А потом, за что бы он ни принимался — всегда преследовало его то же чувство внутренней пустоты и та же мысль: ни к чему… По прошествии года он, движимый собственным желанием и по совету друзей, решил покинуть опротивевшую ему Прагу.
Незадолго до отъезда счастье улыбнулось ему снова. Прощальная выставка его картин прошла очень удачно. Те же «красные всадники», которых он выставил вторично по настоянию знакомых, произвели полный фурор, появились во многочисленных репродукциях и вызвали оживленные дебаты в печати… На блестящем банкете в честь уезжающего были единогласно признаны необычайные заслуги и выдающееся дарование художника. Несмотря на это, он по-прежнему переживал ставшее ему привычным чувство безнадежности и бесцельности, и по-прежнему думал, что все это ни к чему…
В таком настроении и с такими мыслями покинул он Прагу и прибыл в Берлин.
II
Очарование большого города изменило к лучшему его настроение, а новые лица и свежие знакомства рассеивали понемногу хандру. Имя его было достаточно известно для того, чтобы перед ним открывались все двери, — и в головокружительной смене впечатлений старался он уничтожить тот тяжелый осадок, который остался в нем от Праги. Ему становилось все легче овладевать самим собой, и все чаще мелькало в нем бодрое ощущение, будто энергия и трудоспособность снова возвращаются к нему.
Прошло еще несколько недель. Игнатьев нашел в себе достаточно сил и мужества, чтобы опять приступить к работе. Он снял себе небольшое ателье и обставил его всем необходимым… Но он видел, что тяжелый период не прошел для него бесследно, что осталась безграничная душевная усталость, и поблекла жизненность тех образов, которые прежде с такой силой овладевали его воображением… И вдохновение, бывшее когда-то частым гостем художника, навещало его все реже и реже.
Теперь он периодически переживал то прилив то упадок энергии, мешавшие ему доводить работы до конца. С большим жаром и рвением брался он за дело, — но вскоре настроение падало, интерес к разрабатываемой теме сменялся полным равнодушием — если не отвращением, — которые не позволяли ему закончить картину… И хотя он, в моменты депрессии, удивлялся потом, как могли заинтересовать его подобные сюжеты, — все же в глубине души оставалась у него уверенность в том, что все эти незаконченные полотна, в беспорядке нагроможденные и развешанные по стенам, будут со временем доведены до конца…

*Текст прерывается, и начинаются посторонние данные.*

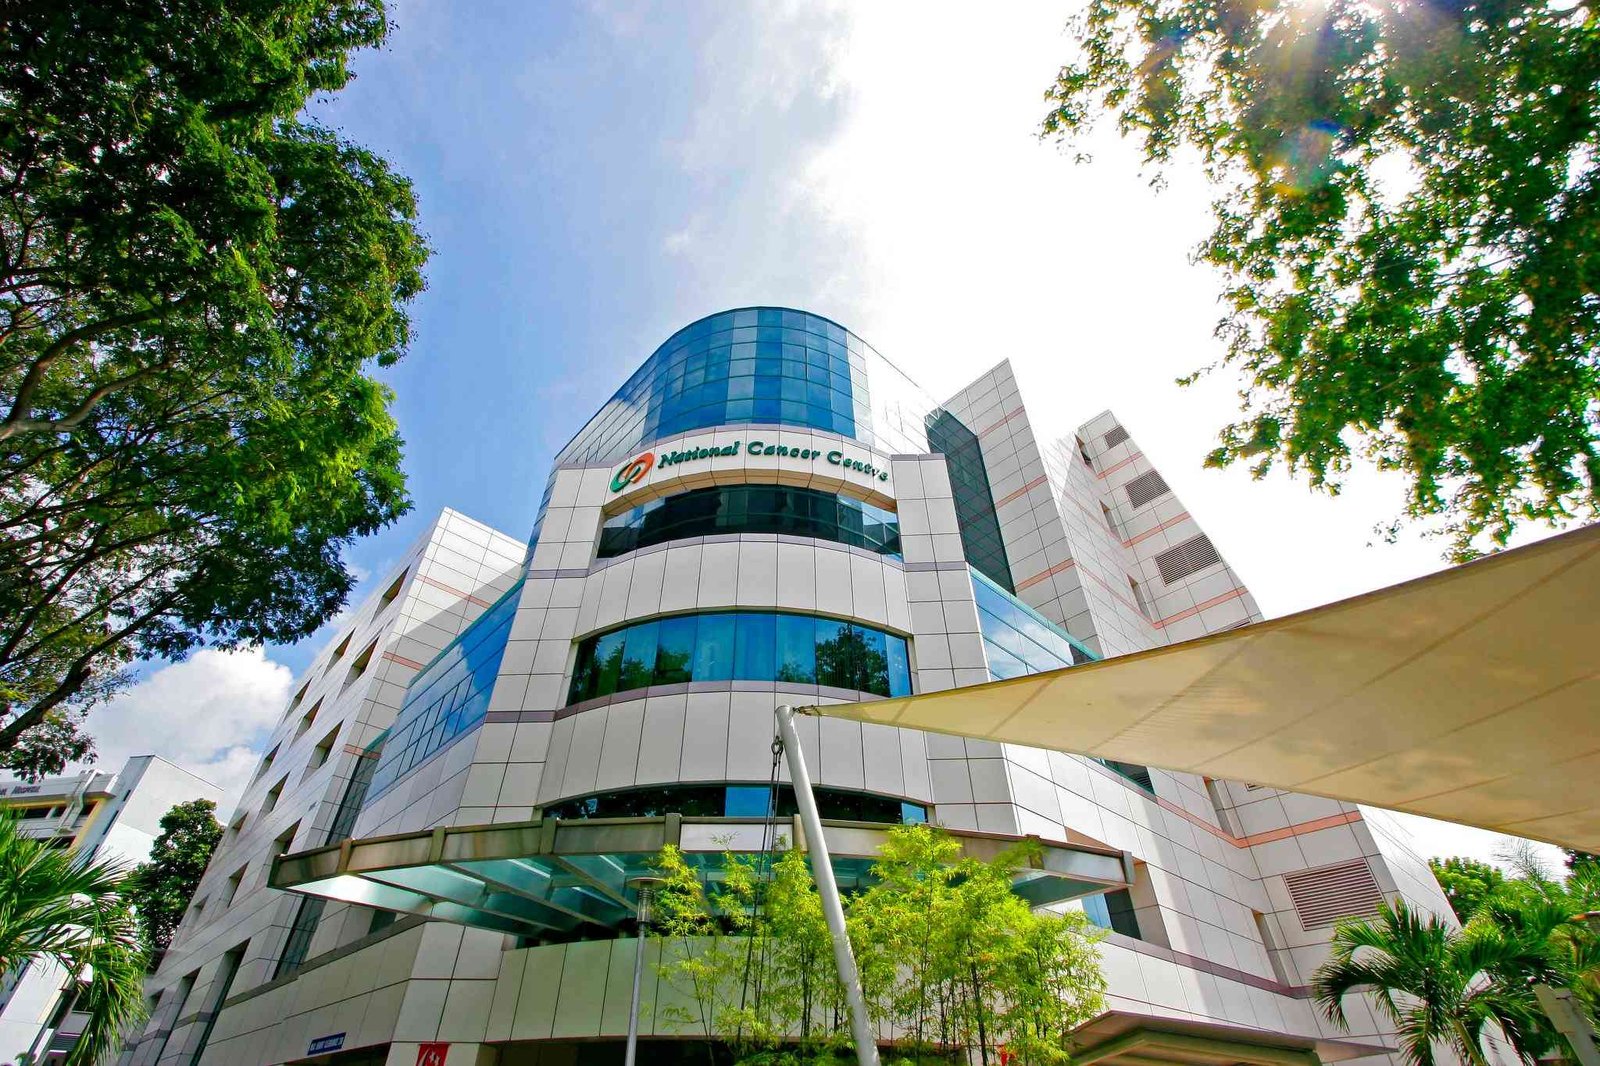 national cancer centre singapore (nccs) 61 新加坡国立癌症中心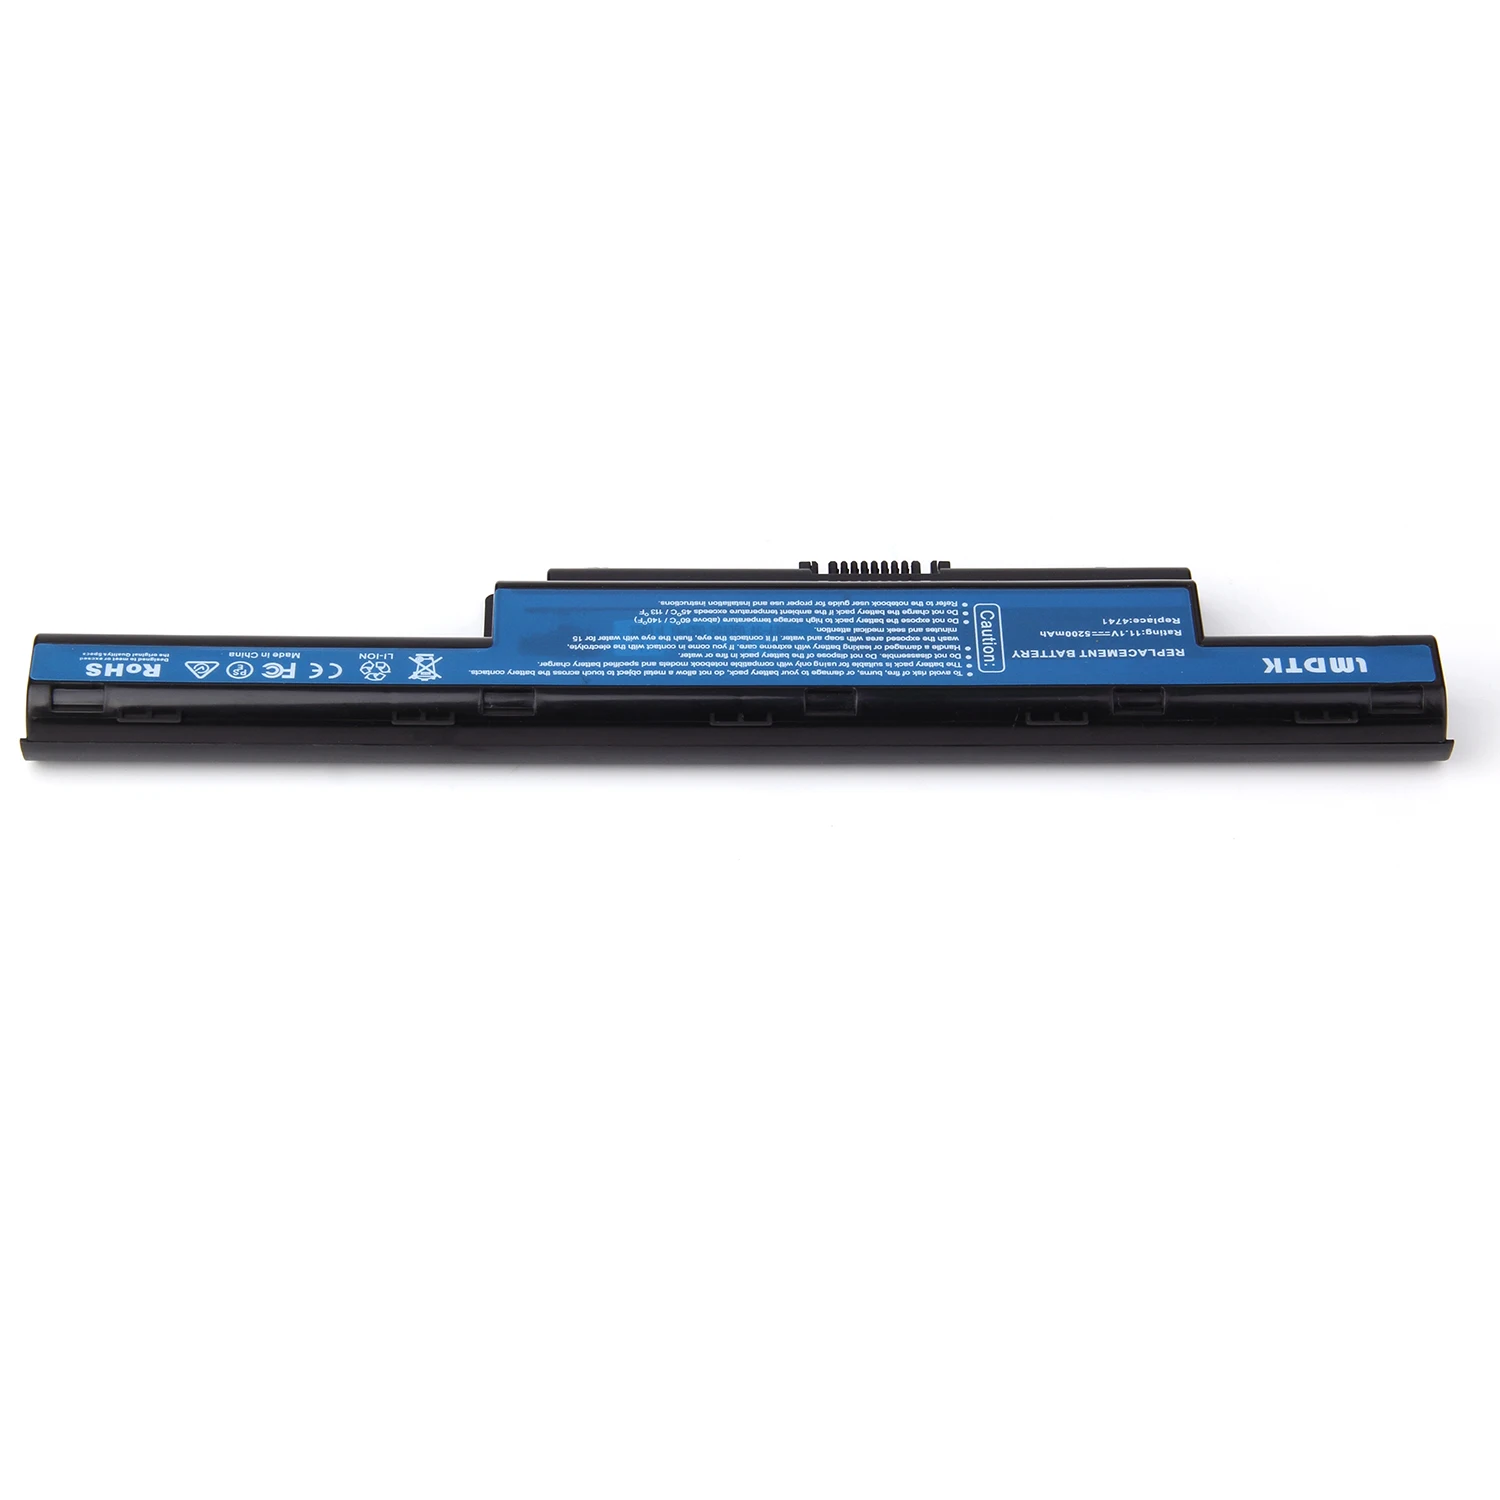 Новый аккумулятор LMDTK для ноутбуков Acer батарея с 6 ячейками 4741G AS10D31 AS10D3E AS10D41 AS10D51 - Фото №1

Уверенность эта постепенно возрастала в нем с каждым днем. Он смутно чувствовал, что все неоконченные темы разрабатываются где-то в глубинах его подсознания, и что интерес к ним должен когда-нибудь возвратиться. Но, подходя к какой-либо начатой картине, он не мог принудить себя приступить к дальнейшей работе.
— Вы больны — обратитесь к врачу, — слышал он советы со всех сторон, но пренебрежительно пропускал их мимо ушей. Он не мог допустить, чтобы переживания, с такою силой овладевшие всем его существом, могли поддаться какому-либо воздействию лекарства… Тем более, что предчувствие полного выздоровления усиливалось и возрастало в нем с каждым днем.
Однажды, сидя в опере, он вдруг ощутил первые импульсы начинающегося обновления. Под влиянием ли вагнеровской музыки, которая всегда производила на него сильное впечатление, или всего исполнения вообще — но Игнатьев был растроган и потрясен до самой глубины души…
— Вот оно… вот оно… начинается, — думал он, чувствуя, как жизненная сила сначала медленно, капля за каплей, а затем полной струей вливается в его душу, переполняя ее и переплескивая через края… И по мере этого внутреннего возрождения преображался перед ним театр, исполнители, зрительный зал… Все это, казавшееся прежде мертвым, безжизненным, сухим — начало оживать, светиться и искриться переливами внутренней жизни.
Игнатьев не мог справиться с нахлынувшей на него волной новых ощущений… Он не мог перенести той душевной полноты, которая внезапно охватила его и грозила его затопить… ему стала душно — и не дожидаясь окончания «Парсифаля» он выбежал на улицу.